6. “While our [escrow] cases have dealt largely with instruments for the conveyance of land (see Wheelwright v. Wheelwright, 2 Mass. 447, 453; Foster v. Mansfield, 3 Met. 412, 415), the term [escrow] has long been commonly used ‘with respect to all written instruments as well as to the deposit of money.’ Gulf Petroleum, S .A. v. Collazo, 316 F.2d 257, 261 (1st Cir. ). See Oppenheim v. Colten, 291 Mass. 234.” Childs v. Harbor Lounge of Lynn, Inc ., 357 Mass. 33, 35 (1970). See Daggett v. Simonds, 173 Mass. 340, 348 (1899) (“The doctrine in regard to the delivery of deeds in escrow is generally held applicable to promissory notes, and there is no good reason why it should not be”).
7. At the time Matter of Newcomb, supra, was decided, the definition of transfer was found at 11 U.S.C. § 101(40).
8. To the extent that Gladstein v.
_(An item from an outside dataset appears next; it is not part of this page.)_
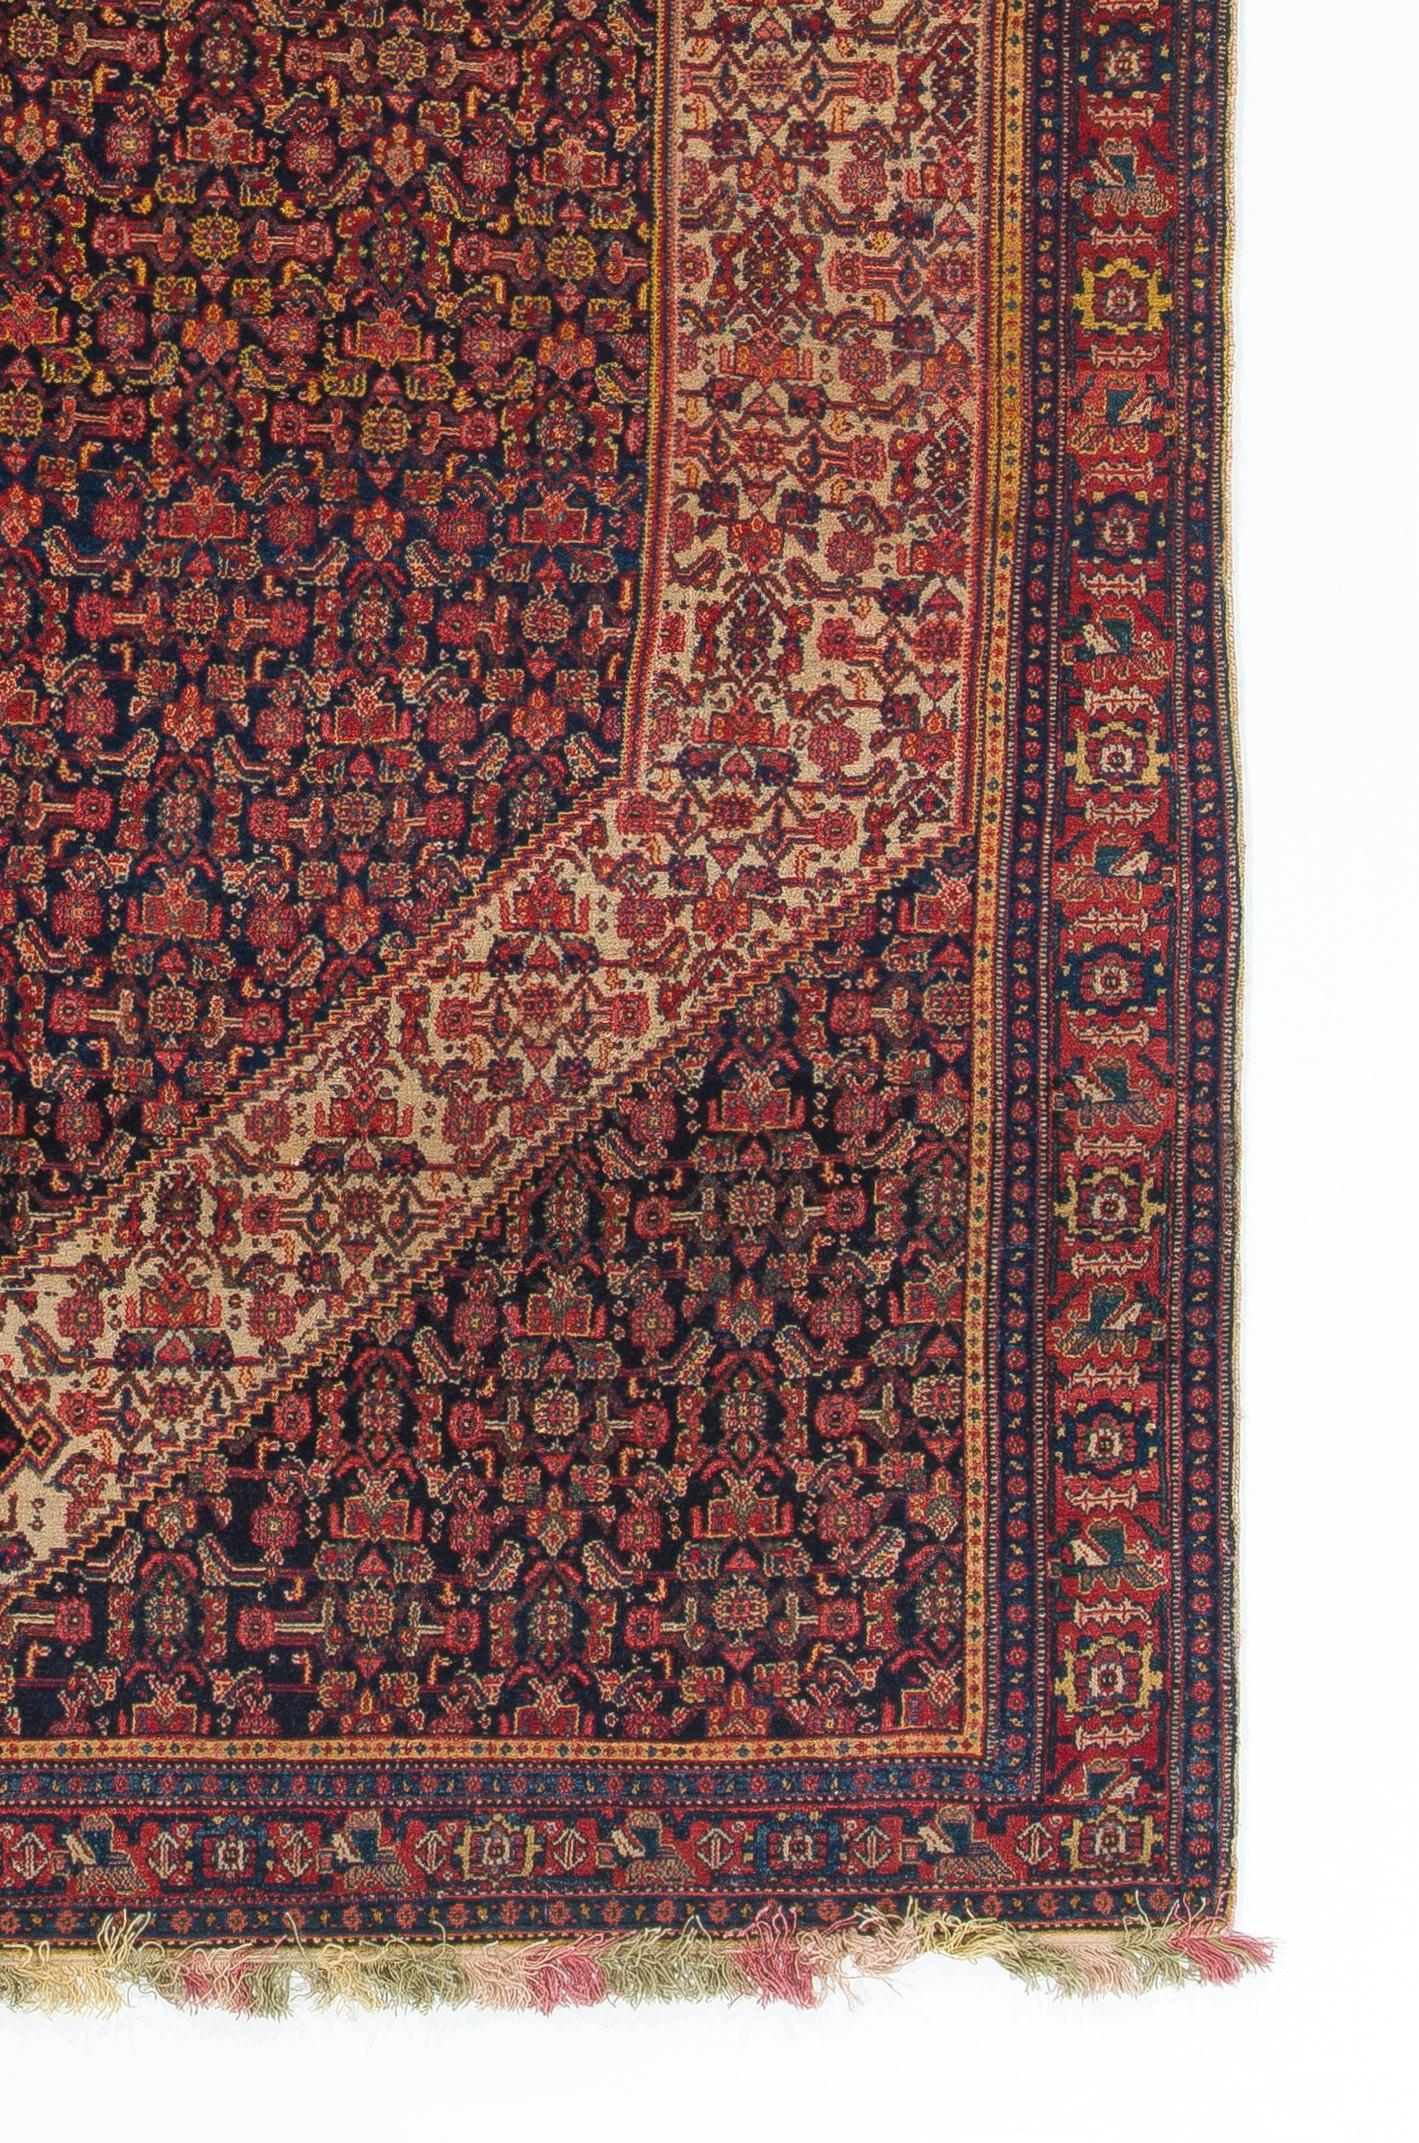 19th Century 4.3x6.8 ft Fine Antique Persian Senneh Wool Rug with Colorful Silk Warps & Wefts For Sale

Martorella, 75 A.D.3d 465(N.Y.App.Div.2010) holds that mere physical possession of funds in escrow constitutes a transfer within the meaning of UCC § 9–332, we agree with the dissent in that case that a judgment creditor remains a claimant, not a transferee. (Nardella, J. dissenting). For similar reasons, we find the analysis in Bank of R.I. vs. Mixitforme, Inc., Superior Ct. of R.I., C.A., No. PM 06–1626 (Jan. 11, 2007), to be unpersuasive. In light of our disposition here, we need not reach the question whether a judgment creditor may be considered a transferee. See Orix Financial Servs., Inc. v. Kovacs, 167 Cal.App.4th 242, 250 (2008).
9. Consideration of the common law of escrow is appropriate in limning the contours of the UCC. “Unless displaced by the particular provisions of this chapter, the principles of law and equity ․ [shall] supplement its provisions.” G.L. c. 106, § 1–103(b) (2013).
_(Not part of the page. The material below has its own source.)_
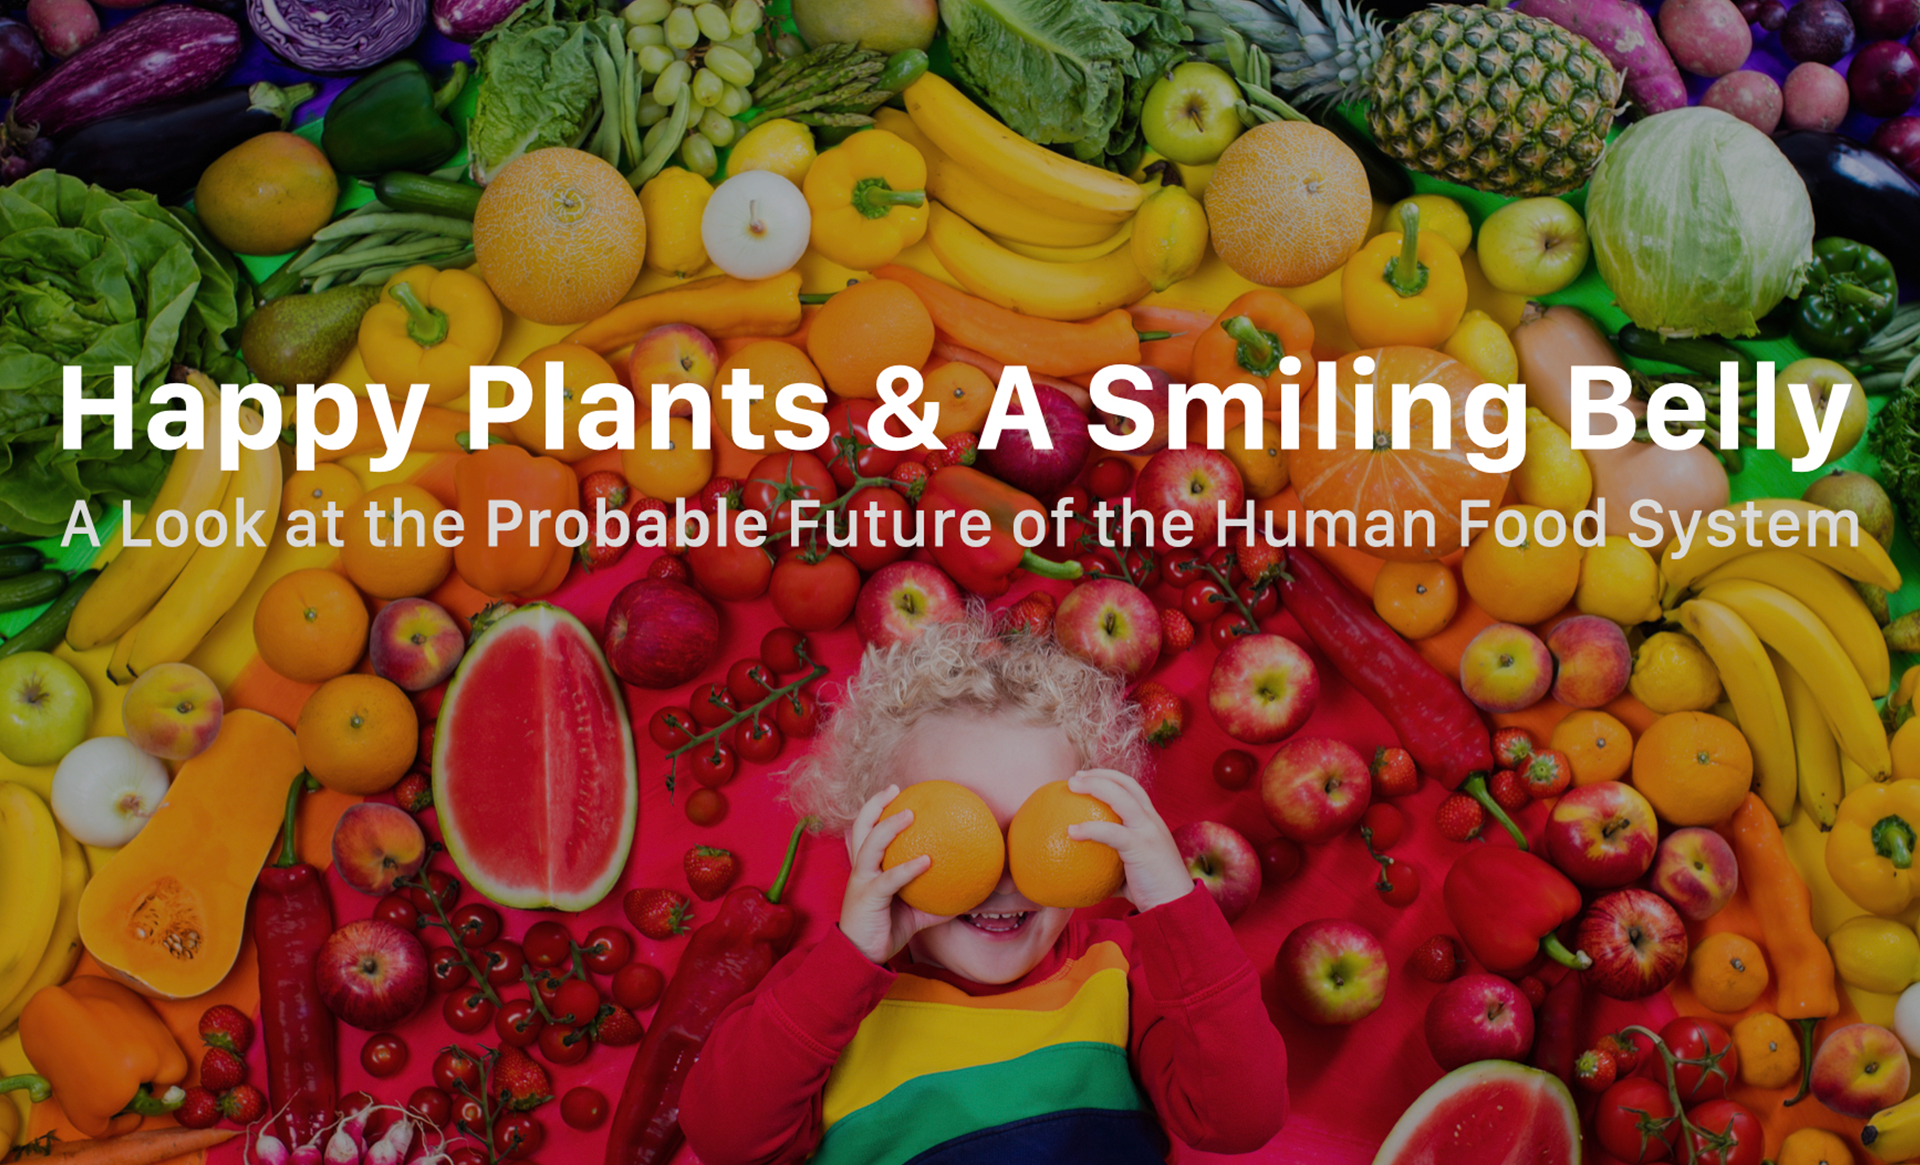 Happy Plants & A Smiling Belly

10. There is one exception for “bad actors” who act in collusion with the debtor. See comment 4 to UCC § 9–332, 3 U.L.A. 378 (Master ed.2010). As previously noted, supra at 4, no claim of collusion has been made here.
11. This scenario is yet another reason why UCC § 9–332 should not be construed to apply to a purely equitable, conditional, interest in an escrow account.
12. This statute was amended as of July 1, 2013. See St.2013, c. 30, § 2. In the earlier version, this language appeared at G.L. c. 106, § 1–102(2)(b).